GIVEN INFORMATION:
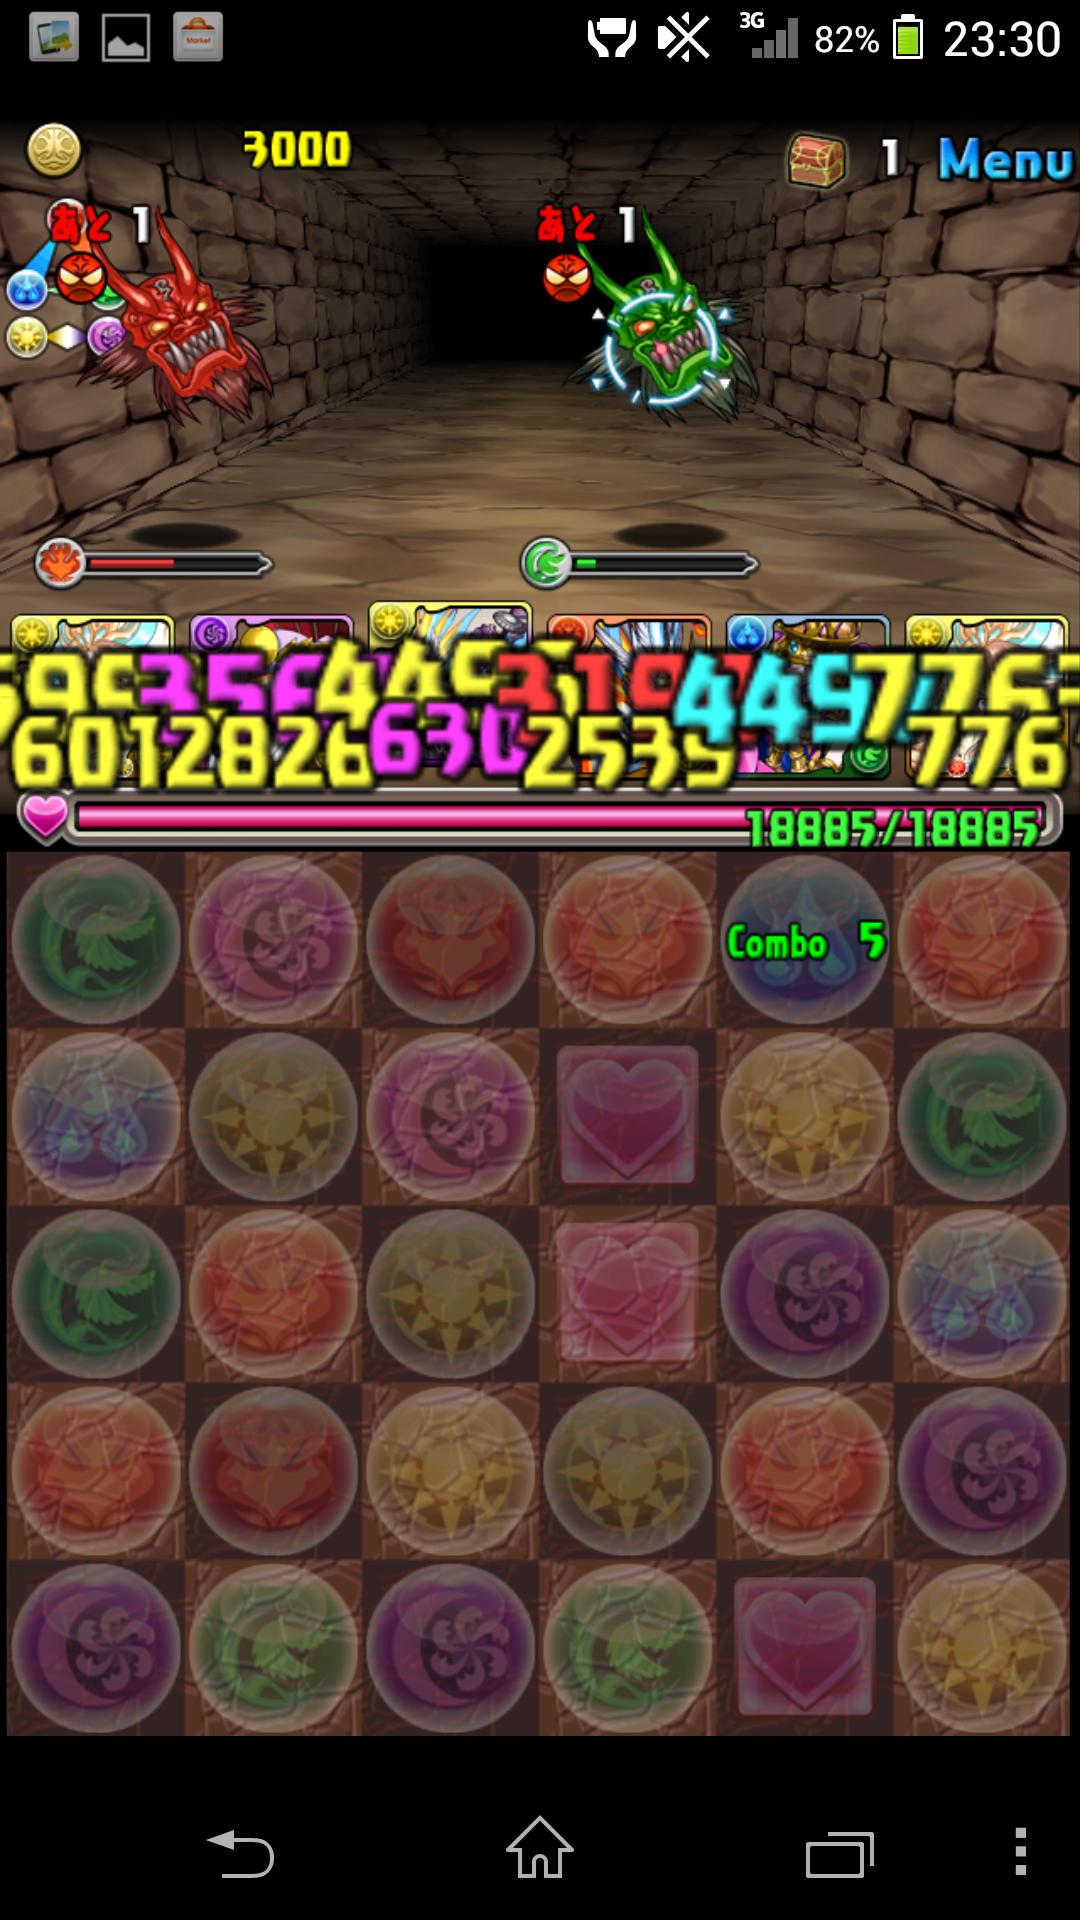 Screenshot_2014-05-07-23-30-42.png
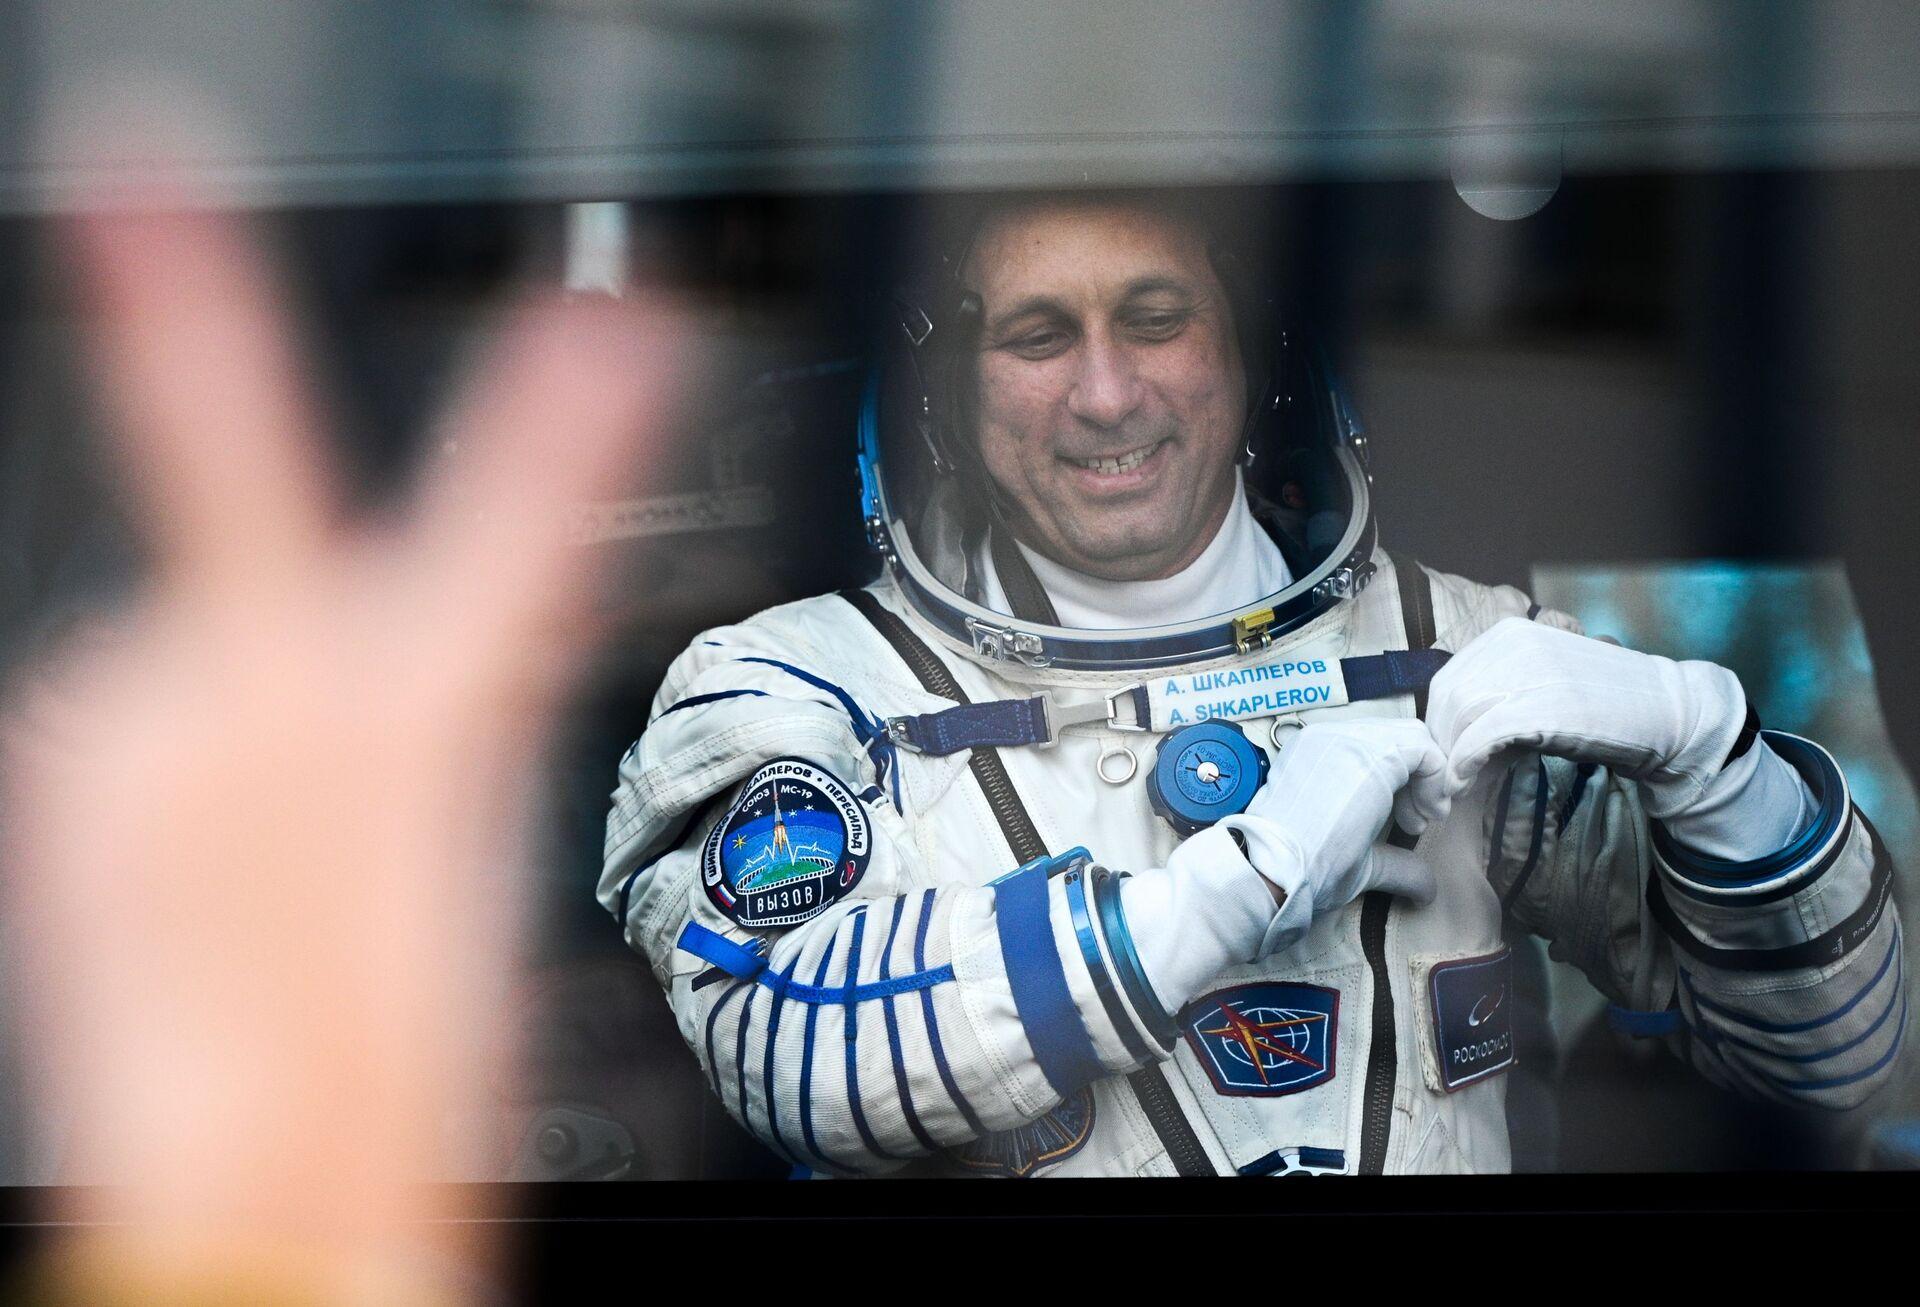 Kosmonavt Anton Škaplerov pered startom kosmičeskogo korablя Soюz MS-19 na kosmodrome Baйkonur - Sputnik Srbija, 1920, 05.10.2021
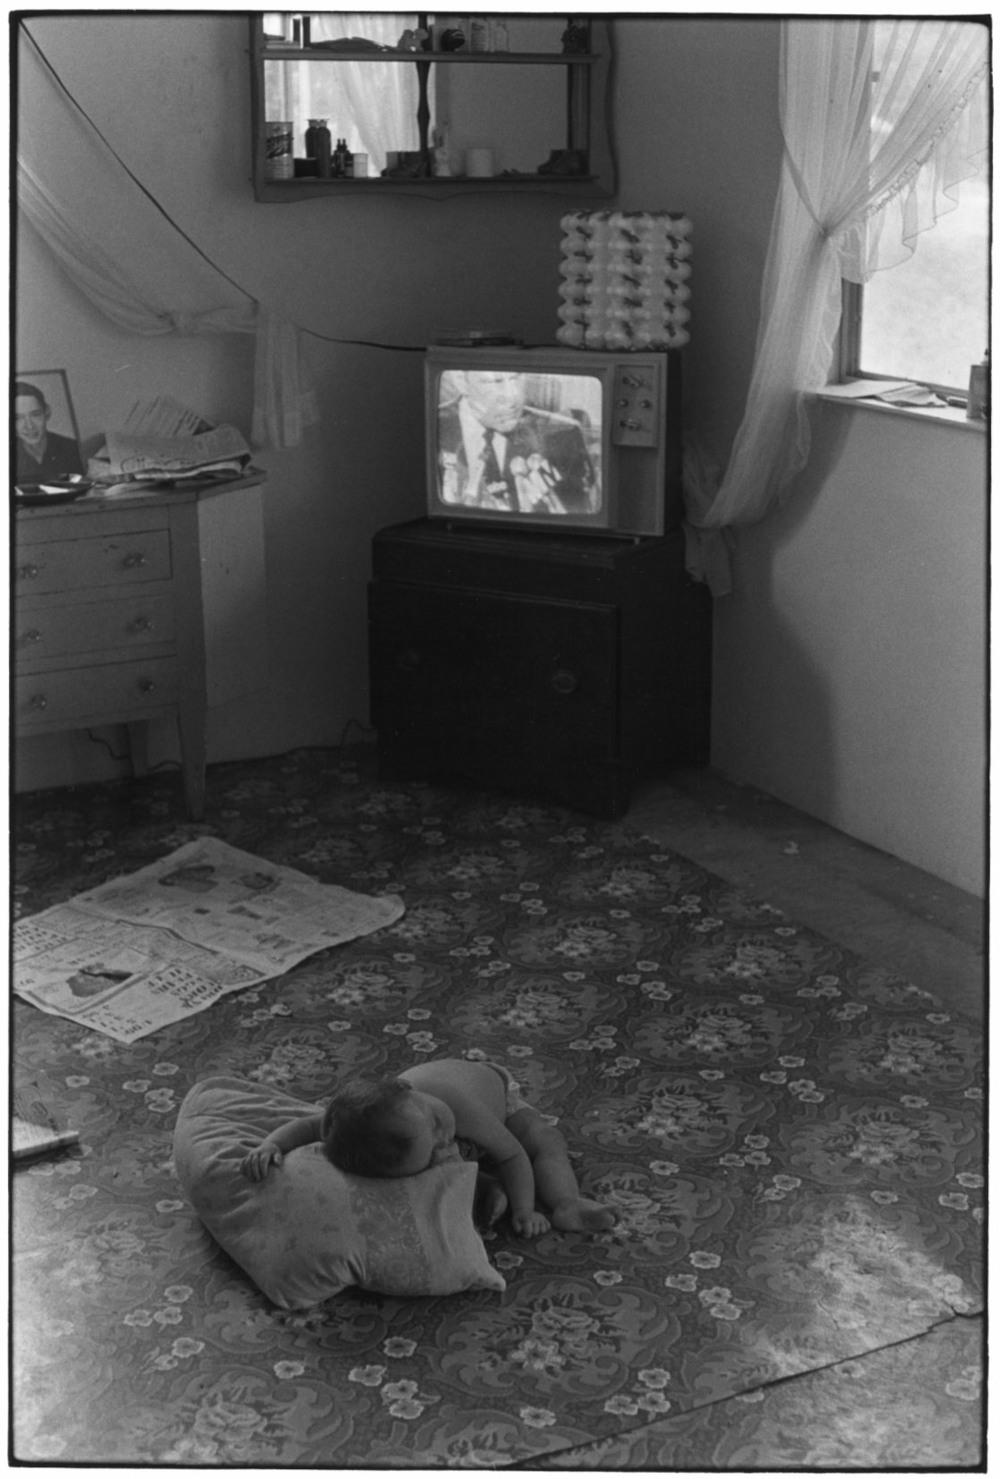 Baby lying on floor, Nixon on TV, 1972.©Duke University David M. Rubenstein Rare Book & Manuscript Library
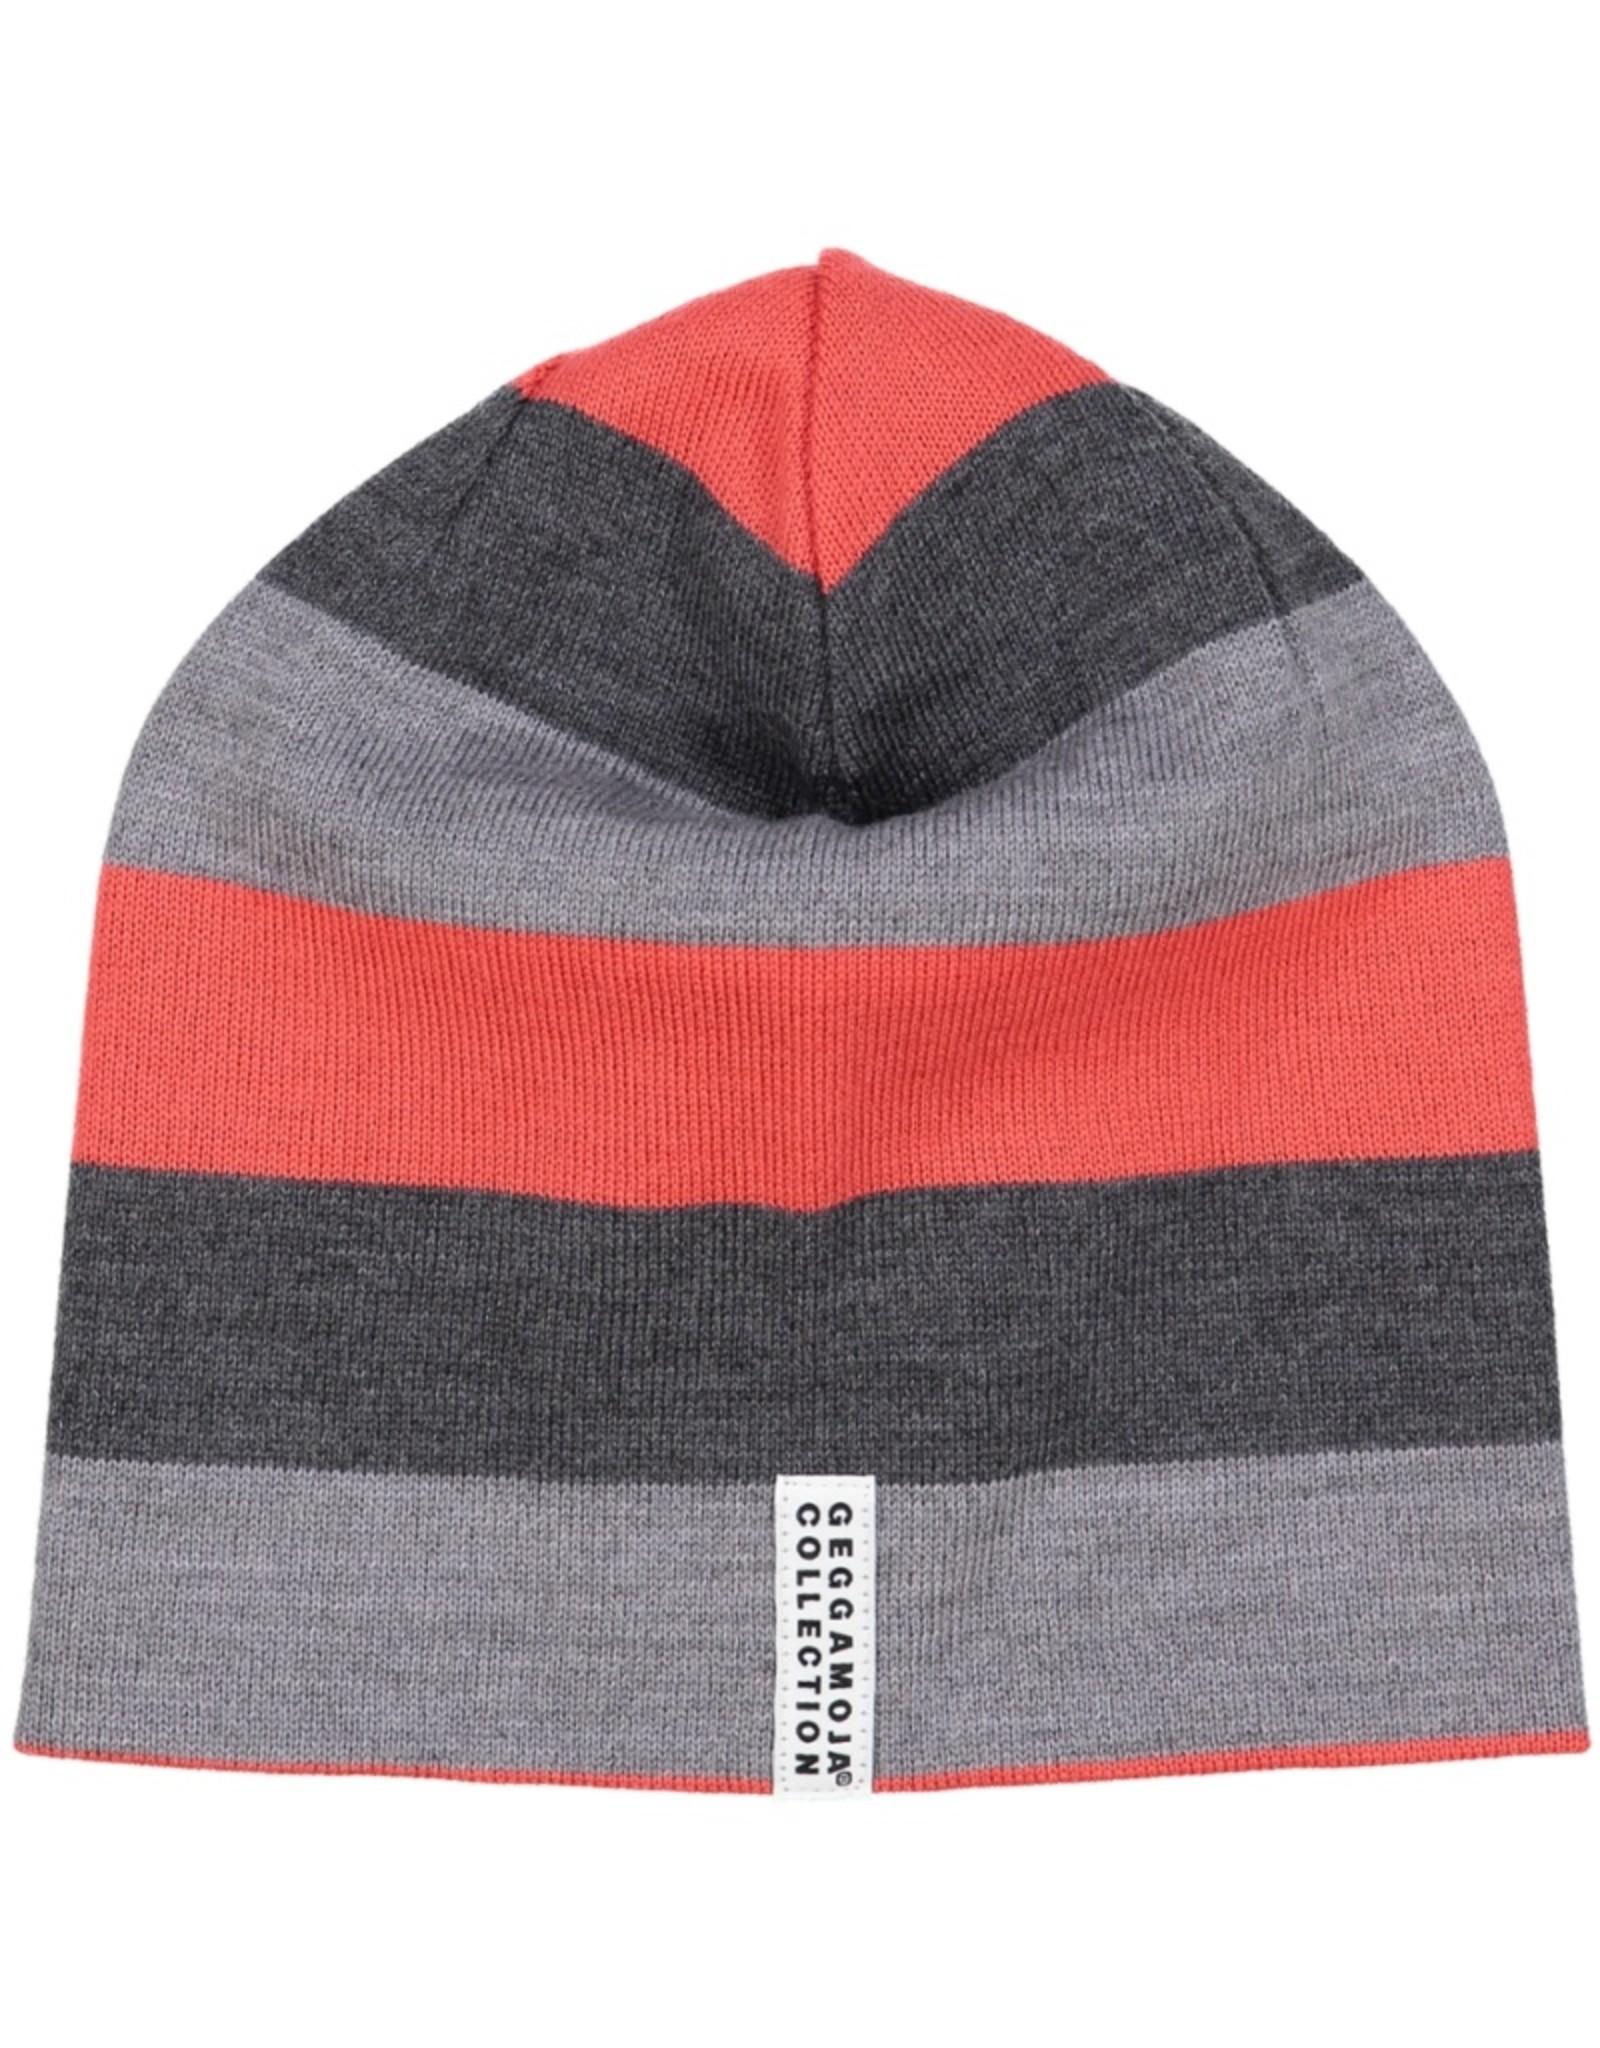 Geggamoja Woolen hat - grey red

INSTRUCTIONS FOR THE TASK:
Wording must stay exact. Give again the lines from the line with "Baby lying on" through the last line of the listing, both ends included, without pictures.

FINAL ANSWER:
 Baby lying on floor, Nixon on TV, 1972.©Duke University David M. Rubenstein Rare Book & Manuscript Library
 Geggamoja Woolen hat - grey red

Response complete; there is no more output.